This concerns me a lot, all the research you have done and you went from 250 a day up to 500 a day after only 3 days. No guide out there will say to double the dose after 3 days.



ZRJaacques said:


> I'm taking a multi vitamin, fish oil, Creatine and Psyllium Whole Husks every now and then.


So the only vits your taking is a multi vit, not bothering with ALA or Vit E as anti toxants? Or even vit c for water retention? No T3 means you will hold a lot of water so consider Vit C


----------



## Madoxx (Nov 7, 2010)

zyphy said:


> iirc for every 1 lb of fat you lose, you hold 1.5lbs of water lol (if you're not on t3/supplementing enough with vit-c). ignore the scale, wait till after your dnp run is done is the best way to do it


I was running crappy BRL for a week with no t3, I started t3 @ 50mcg and overnight dropped 2lb, this continued for 3 days and I dropped 7lb over the 3 days just from T3 supplimentation sorting the water


----------



## zyphy (Jun 23, 2014)

Madoxx said:


> I was running crappy BRL for a week with no t3, I started t3 @ 50mcg and overnight dropped 2lb, this continued for 3 days and I dropped 7lb over the 3 days just from T3 supplimentation sorting the water


i hope you're using some form of aas whilst on t3, otherwise you will be wasting away muscle


----------



## Madoxx (Nov 7, 2010)

zyphy said:


> i hope you're using some form of aas whilst on t3, otherwise you will be wasting away muscle


Just a little drop here and there


----------



## zyphy (Jun 23, 2014)

Madoxx said:


> This concerns me a lot, all the research you have done and you went from 250 a day up to 500 a day after only 3 days. No guide out there will say to double the dose after 3 days.

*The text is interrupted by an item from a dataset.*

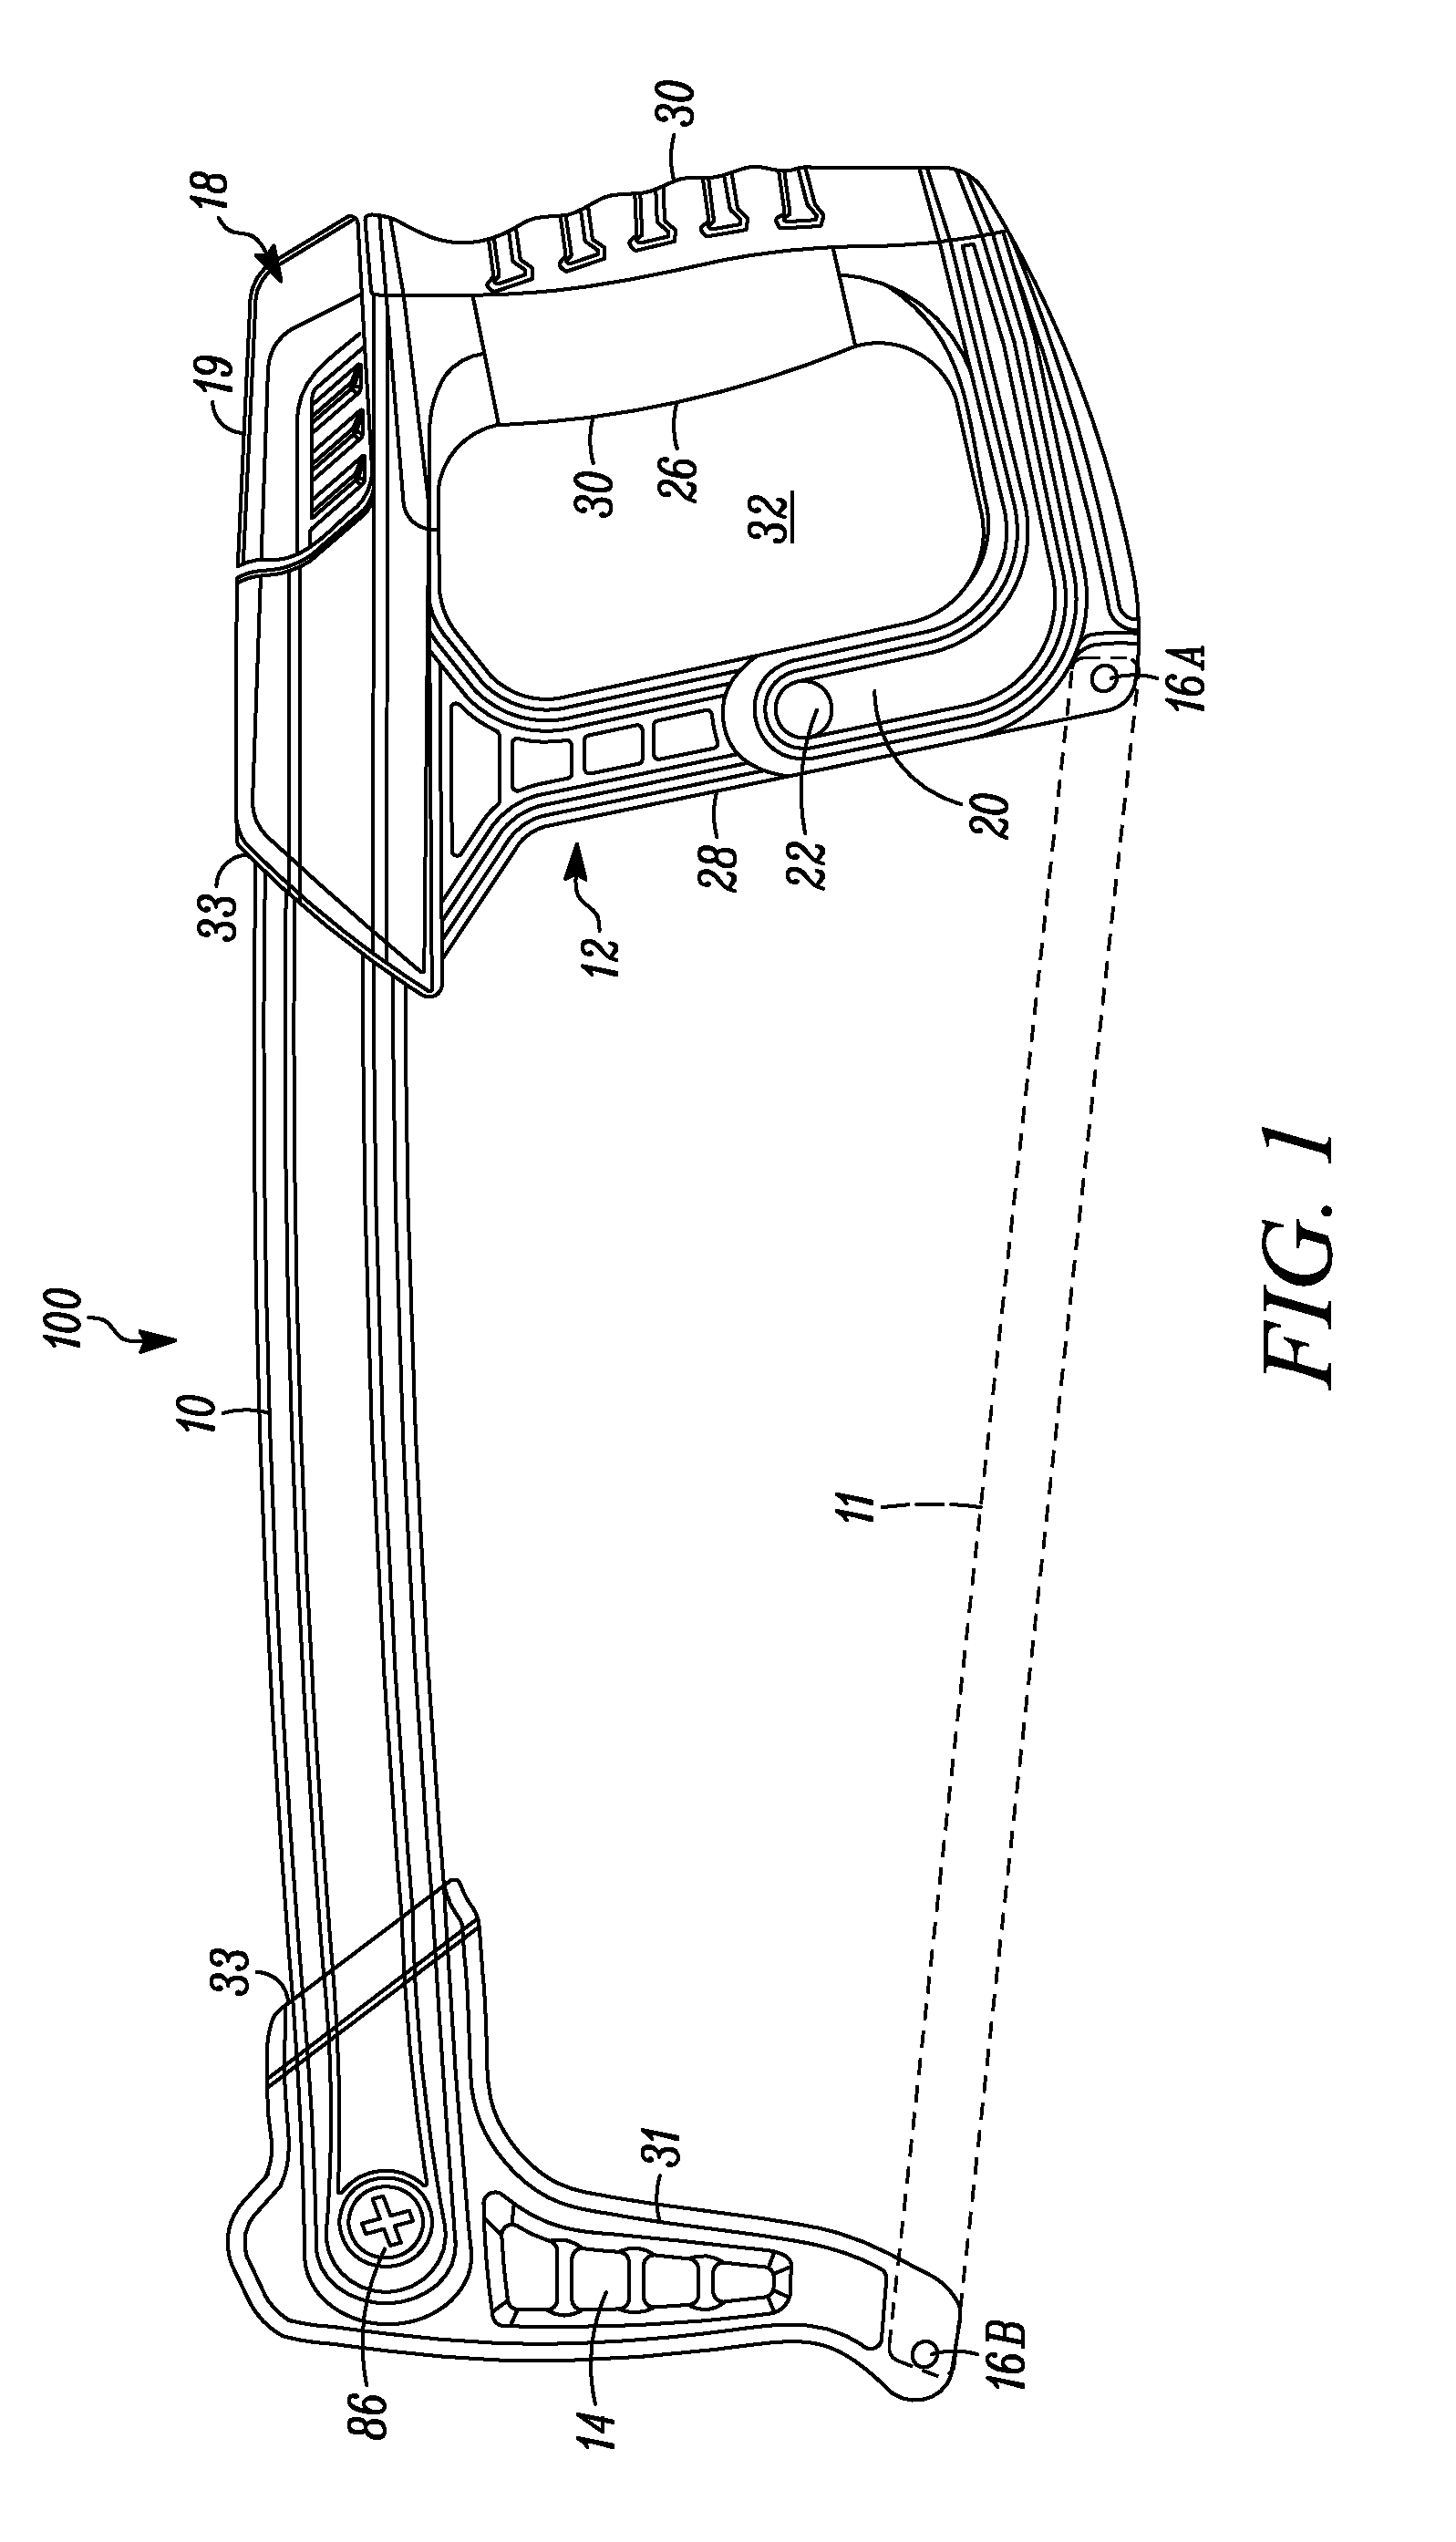 Hacksaw with blade tensioning mechanism

nobody needs 500mg (of legit dnp) that's the fat ****s who cant stop eating junk food whilst dieting. low dose + cardio + decent deficit is all you need, dnp will then work its magic within that


----------



## ZRJaacques (Jun 21, 2015)

Madoxx said:


> This concerns me a lot, all the research you have done and you went from 250 a day up to 500 a day after only 3 days. No guide out there will say to double the dose after 3 days.
> 
> So the only vits your taking is a multi vit, not bothering with ALA or Vit E as anti toxants? Or even vit c for water retention? No T3 means you will hold a lot of water so consider Vit C


What's the point? I took it for 3 days without an allergic reaction and I don't seem to be suffering all too bad on 500 mg. I only read about a few people who couldn't handle 250 mg so I wanted to give 500 a shot.

I'm not supplementing with vitamin C, but I'm not stalling on the scale so the water retention hasn't bothered me all too much. I'm getting a good amount of vitamin C in my multi, and from my pre workout as well as some of my protein powders.


----------



## ZRJaacques (Jun 21, 2015)

zyphy said:


> nobody needs 500mg (of legit dnp) that's the fat ****s who cant stop eating junk food whilst dieting. low dose + cardio + decent deficit is all you need, dnp will then work its magic within that


I hate to think of my self as a fat ass who "can't stop eating junk" but my diet has been in check and I wanted to see how effective 500 mg of DNP can be alongside a PSMF.


----------



## ZRJaacques (Jun 21, 2015)

Bump


----------



## zyphy (Jun 23, 2014)

ZRJaacques said:


> I hate to think of myself as a fat ass who "can't stop eating junk" but my diet has been in check and I wanted to see how effective 500 mg of DNP can be alongside a PSMF.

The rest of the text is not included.